Following the Broadway production, the show launched a tour beginning in September 2024 at Arena Stage in Washington, D.C., Berkeley Repertory Theatre in November 2024, and Chicago Shakespeare Theater in January 2025.[8] It will also make its New England premiere at SpeakEasy Stage Company in Boston in May 2025.[9]

Critical reception

The play has received critical acclaim. Aramide Tinubu wrote in Variety, "The beauty of “Jaja’s African Hair Braiding” is the play’s ability to bring life to a seemingly mundane space. (...) The play moves beyond the intricate hairstyles to highlight the women at the heart of these shops. These are women boasting bold laughs and heavy hearts, who twist and manipulate hair until their fingers swell from the effort. Director Whitney White presents the ecosystem of the braiding shop without extensive explanation. It’s either a place you know intimately or have never encountered. In presenting this intimate space, without frill or excessive polish, she exposes the full scope of Black womanhood with its joys, delights, pains and sorrows as we experience them daily."[10]

Whilst theatre critic Jesse Green wrote in The New York Times, "The first 80 minutes of the 90-minute play are a buffet of delights. (...) Jaja’s is full of such treasurable moments, when the drama feels tightly woven with the comedy.
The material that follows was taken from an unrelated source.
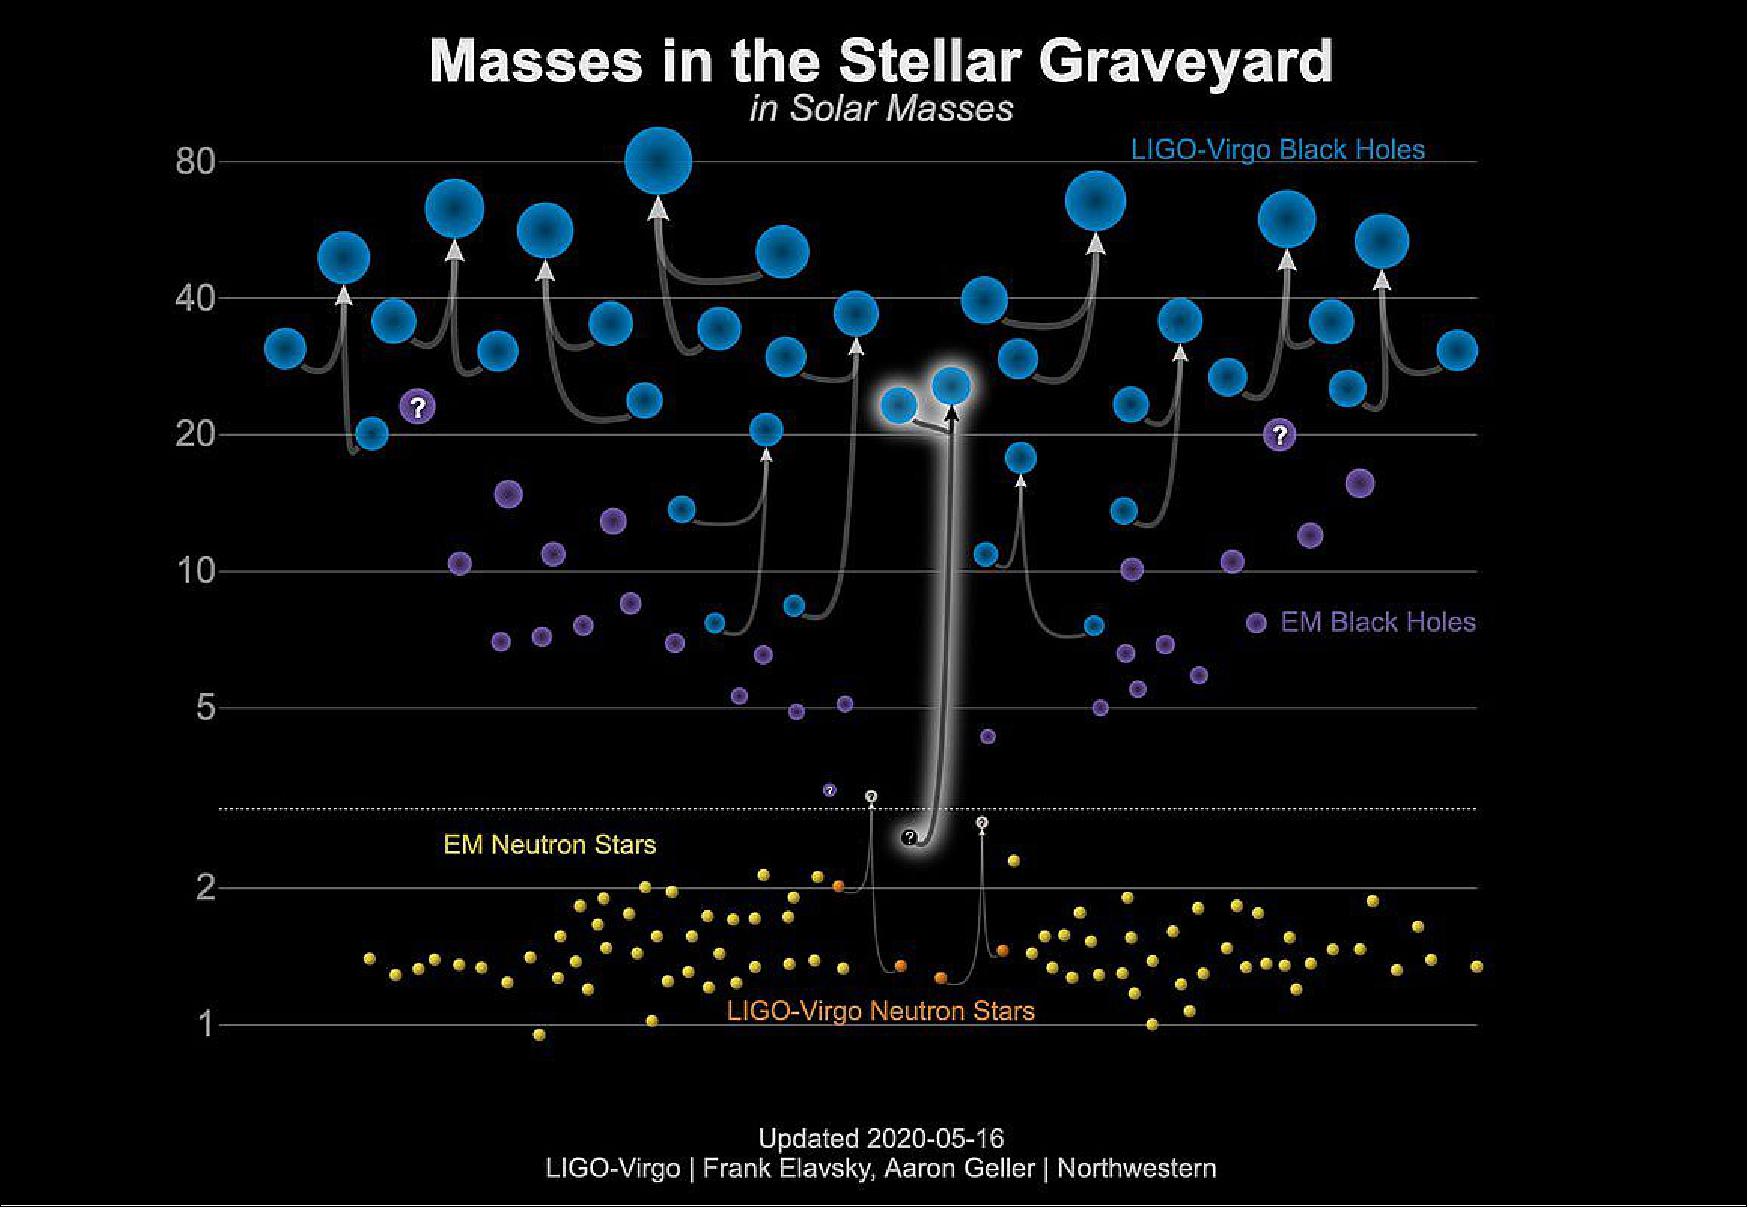 Figure 14: This graphic shows the masses for black holes detected through electromagnetic observations (purple), the black holes measured by gravitational-wave observations (blue), the neutron stars measured with electromagnetic observations (yellow), and the neutron stars detected through gravitational waves (orange). GW190814 is highlighted in the middle of the graphic as the merger of a black hole and a mystery object around 2.6 times the mass of the sun (image credit: LIGO-Virgo/ Frank Elavsky & Aaron Geller (Northwestern))

And if the weave frays a bit at the end, what doesn’t?"[11]

Charles Isherwood in The Wall Street Journal wrote, "Bioh draws her characters with sharp skill and provides them with colorfully contrasted personalities. And as the day wears on and we catch glimpses of the difficulties, minor and major, of their experience, the playwright subtly underscores how their lives are all circumscribed by their uncertain status."[12]